Pour la première fois, il devient sérieux et secoue la tête. Mes yeux glissent sur lui. Toujours habillé de noir, il y a des choses qui ne changeront jamais.

— Elle ne devrait pas tarder. Tu as donc reçu son message. Toi aussi, il t'as alarmé ?

Un raclement de gorge se fait entendre et une voix s'élève :

— Excusez-moi, mais vous vous connaissez ?

— Jérémie, je te présente Alex...

— Alexis, rectifié-je immédiatement.

— … nous nous sommes rencontrés il y a de ça quelque temps déjà. Tu te souviens, ajoute-t-il dans ma direction, une lueur malicieuse dans les yeux.

— Evidemment, comment je pourrais oublier, susurré-je, un sourire mauvais aux lèvres.

Aussitôt, je m'immisce dans son cerveau, ou plutôt dans son inconscience, et l'inonde de souvenirs.
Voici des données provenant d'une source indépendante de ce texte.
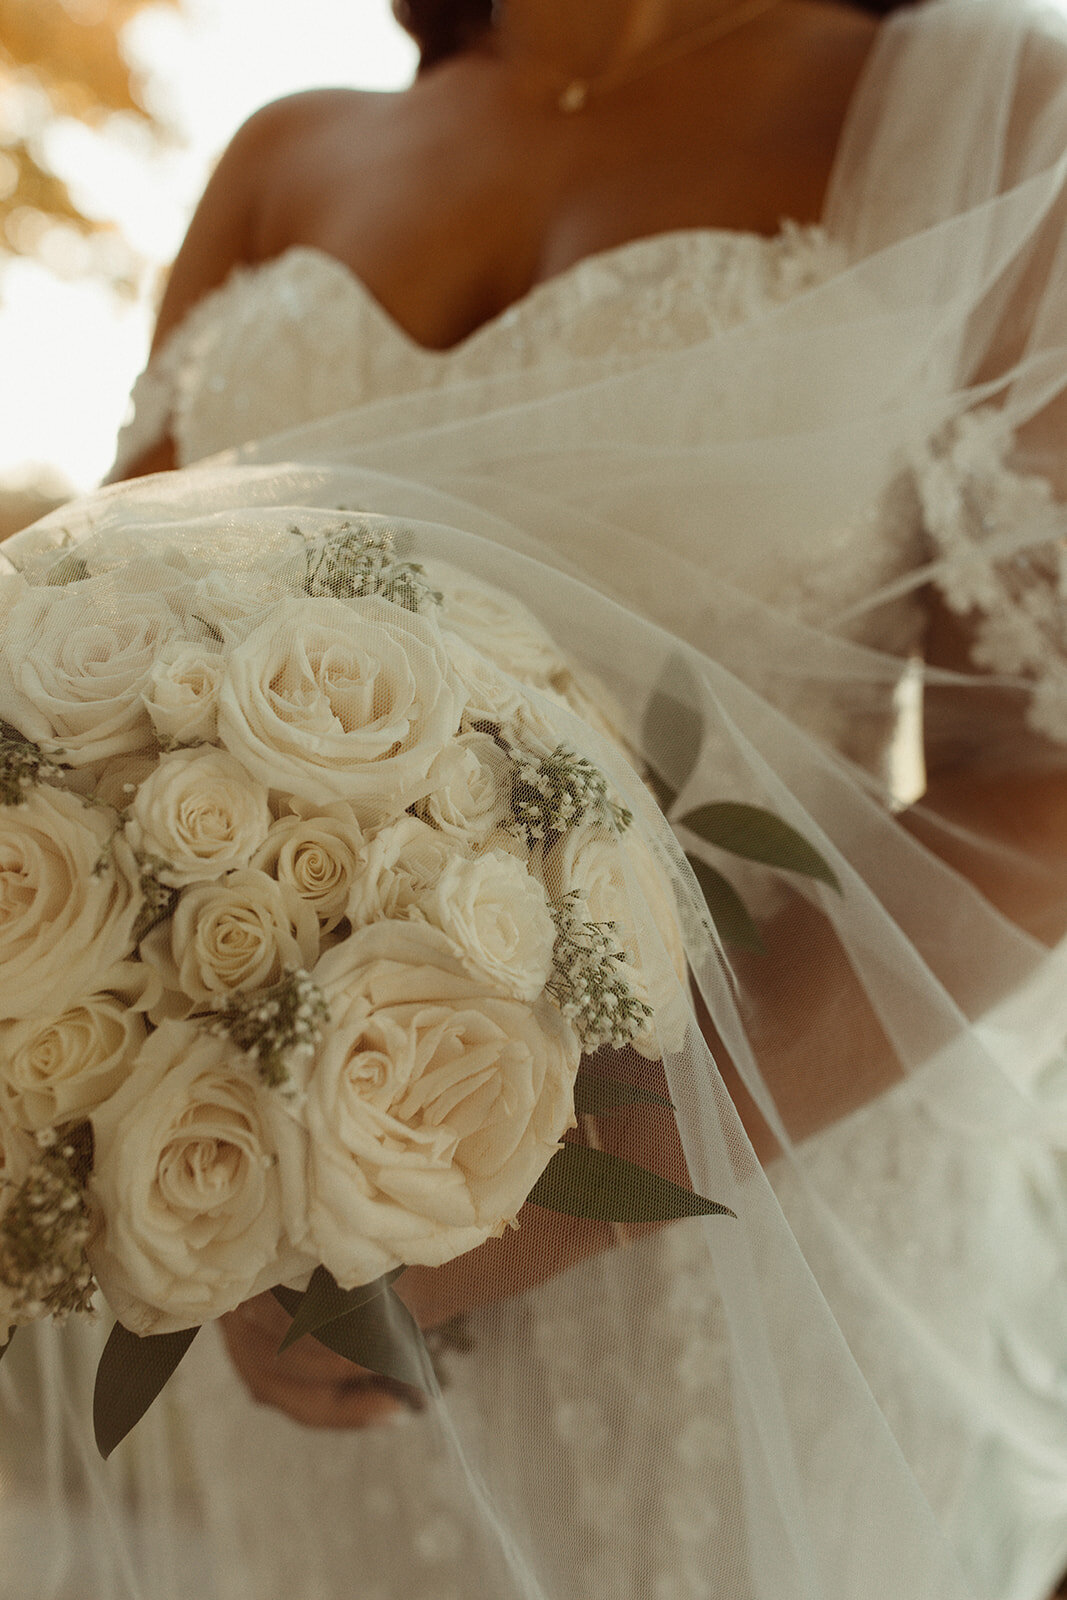 fall-bridal-bouquet

Lui et moi, moi et lui, moi sur lui...

Tous les muscles de son visage se relâchent, signe qu'il est complètement hypnotisé par l’illusion mentale qui se déroule devant ses yeux.

— Ainsi, tu es Jérémie, reprends-je comme si de rien n'était.

— Et toi, Alex-le-redresseur-de-torts ?

Je dresse un sourcil et il m'adresse un sourire mutin.

— Je vois, tu es le renard.

— C'est ça ! Et mage, par dessus le marché.

Je hoche lentement la tête. Il me regarde, une curieuse expression peinte sur le visage. Je comprends qu'il possède toutes les qualités d'un renard, y compris la curiosité mal placée.

— Et toi ?

— Illusionniste.

— Ça veut dire quoi ?

Je montre du doigt son copain à côté de lui, la bouche ouverte et...

— Seigneur, m'écrié-je en le libérant de mon charme.

Tom se reconnecte à la réalité en papillonnant des yeux.

— Pourquoi tu as arrêté ? me reproche-t-il. J'adorais ce que je voyais.

— Tu es dégoûtant, Tom.

Il m'adresse un sourire ravi et a même l'audace de me faire un clin d'œil. Vraiment, je ne comprends pas ce que Céline a vu d'intéressant chez ce type qui ne pense qu'à se vautrer outrageusement dans la luxure. J'espère qu'elle sera là bientôt parce que je ne sais pas si j'arriverais à les supporter encore longtemps. Il y a intérêt que le dernier qui ne devrait pas tarder, remonte un peu cette belle brochette de zigotos, même si je sens que Jérémie deviendra un compagnon fort appréciable et ne manquera pas de nous contaminer de sa joie de vivre.